Sudah sejak sekian tahun lalu sebagian dari kapal-kapal pesiar (cruise ships) ukuran sedang yang semula beroperasi di sekitar Laut Tengah dan Karibia, dioperasikan di Asia Timur, dengan pelabuhan-pelabuhan singgah utamanya antara lain Kuala Lumpur, Singapura dan Hongkong. Mereka meninggalkan Laut Tengah dan Karibia karena makin jenuhnya kedua perairan tersebut baik yang disebabkan pencemaran maupun menipisnya minat turis untuk bercengkerama di sana. Dan sudah sejak sekian tahun pula pelabuhan-pelabuhan Kuala Lumpur, Singapura dan Hongkong melengkapi diri dengan fasilitas-fasilitas khusus untuk kapal pesiar, termasuk untuk para penumpangnya.
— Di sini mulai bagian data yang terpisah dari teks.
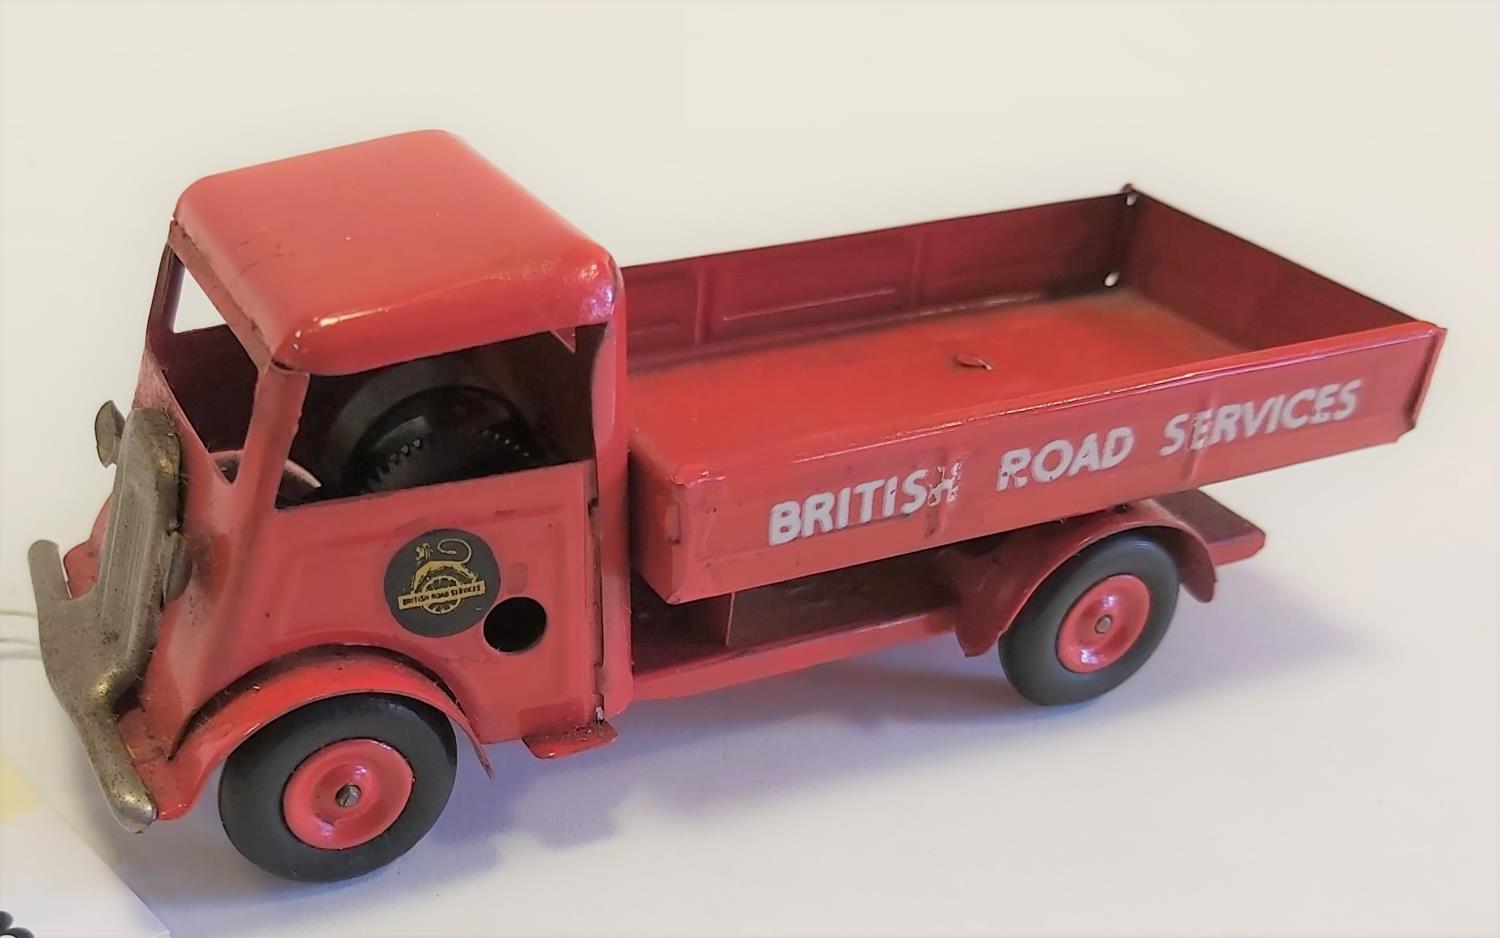 Tri-ang Minic tinplate clockwork Open Lorry. A short nose example in bright red British Road Service

Dan para pembeli dan penyewa kapal pesiar dari Laut Tengah dan Karibia itu sesungguhnya menunggu-nunggu kapan mereka bisa beroperasi di sekitar Nusantara untuk menyinggahkan turis mereka di daerah-daerah tujuan wisata kita seperti Bali, Toraja, Jawa dan Sumatra, misalnya.
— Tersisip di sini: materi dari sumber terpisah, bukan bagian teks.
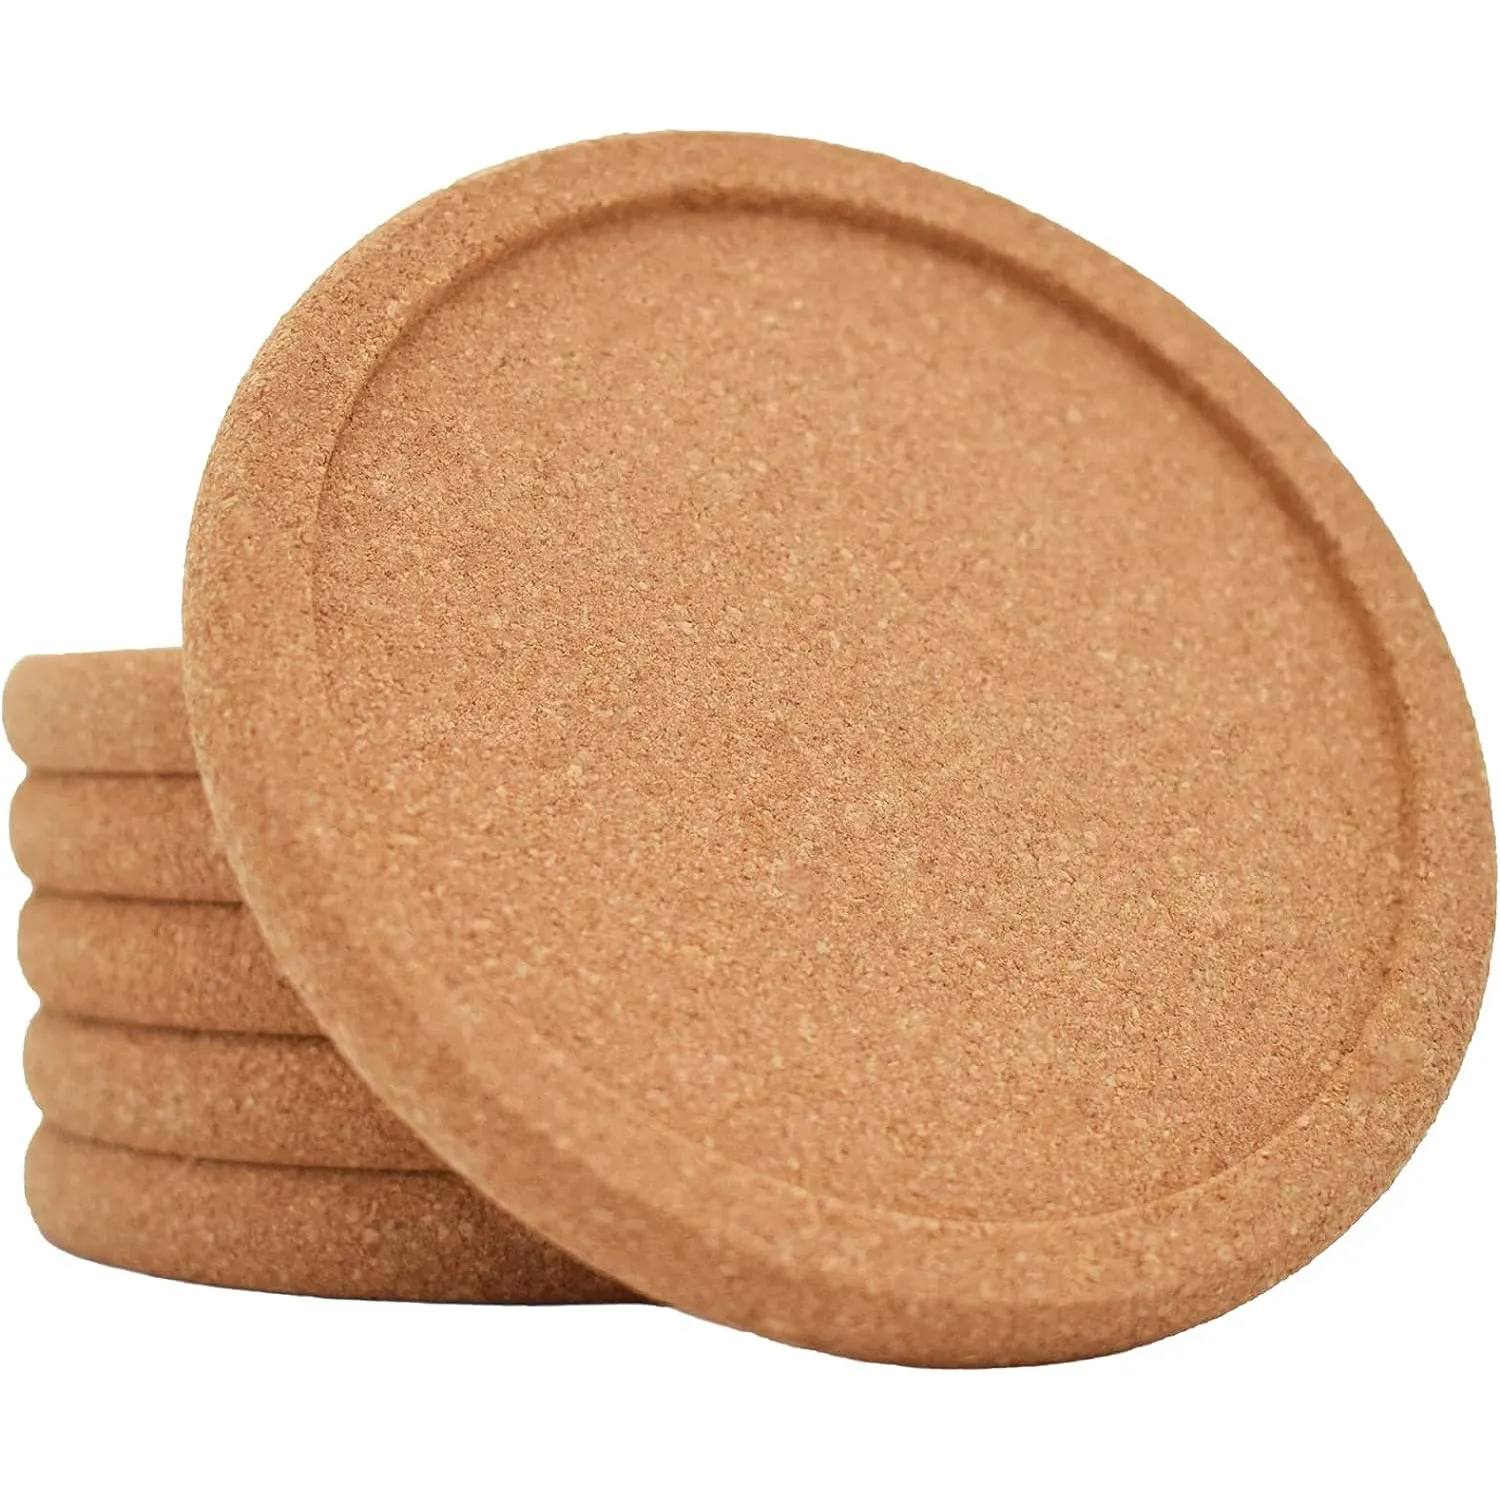 Tabletex Natural Round Cork Coasters With Metal Holder Set Of 8 Pcs 4 Inch Cold Drinks Wine Glasses Mugs Cups Cork Coaster

Walaupun Priok sudah memiliki pelabuhan khusus untuk kapal pesiar, dan hingga kini secara kontinu disinggahi kapal-kapal pesiar dari hampir semua penjuru dunia, tidak demikian halnya dengan Medan, Surabaya, atau Makassar. Apalagi pelabuhan-pelabuhan lain yang lebih kecil. Padahal sudah sejak sekitar 30 tahun lalu, pada permulaan tahun 1970-an kapal pesiar Prinsendam milik Holland America Line melayani perairan Indonesia secara reguler dengan pelabuhan-pelabuhan singgah Tanjung Priok, Medan, Padangbai (Bali) dan lain-lain. Di Medan para penumpang diberi kesempatan berwisata ke Danau Toba, di Semarang para turis singgah untuk melihat Yogyakarta dan Candi Borobudur. Namun semenjak terbakarnya Prinsendam di perairan antara Indonesia dan Filipina, Holland America Line tidak pernah melayani perairan Nusantara secara teratur lagi.
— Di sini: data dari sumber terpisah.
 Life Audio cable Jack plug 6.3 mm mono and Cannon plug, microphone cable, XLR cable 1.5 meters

Sesungguhnya Indonesia mampu membuat kapal-kapal modern dan nyaman seperti kapal pesiar. Beberapa negara Skandinavia sekian tahun lalu pernah memesan beberapa kapal feri yang sekelas dengan kapal pesiar kepada salah sebuah pabrik kapal di Indonesia. Mengapa kemampuan ini tidak digunakan untuk membangun armada kapal pesiar yang memiliki potensi ekonomi besar di perairan Nusantara? Dunia menilai perairan kita ideal untuk diarungi kapal-kapal pesiar semenjak lama. Kenapa kita nyaris tak peduli?
Sumber:
Winarta Adisubrata, "Kapan Perairan Indonesia Jadi Ajang Wisata Kapal Pesiar Lagi?", Harian Sinar Harapan, 3 Maret 2002.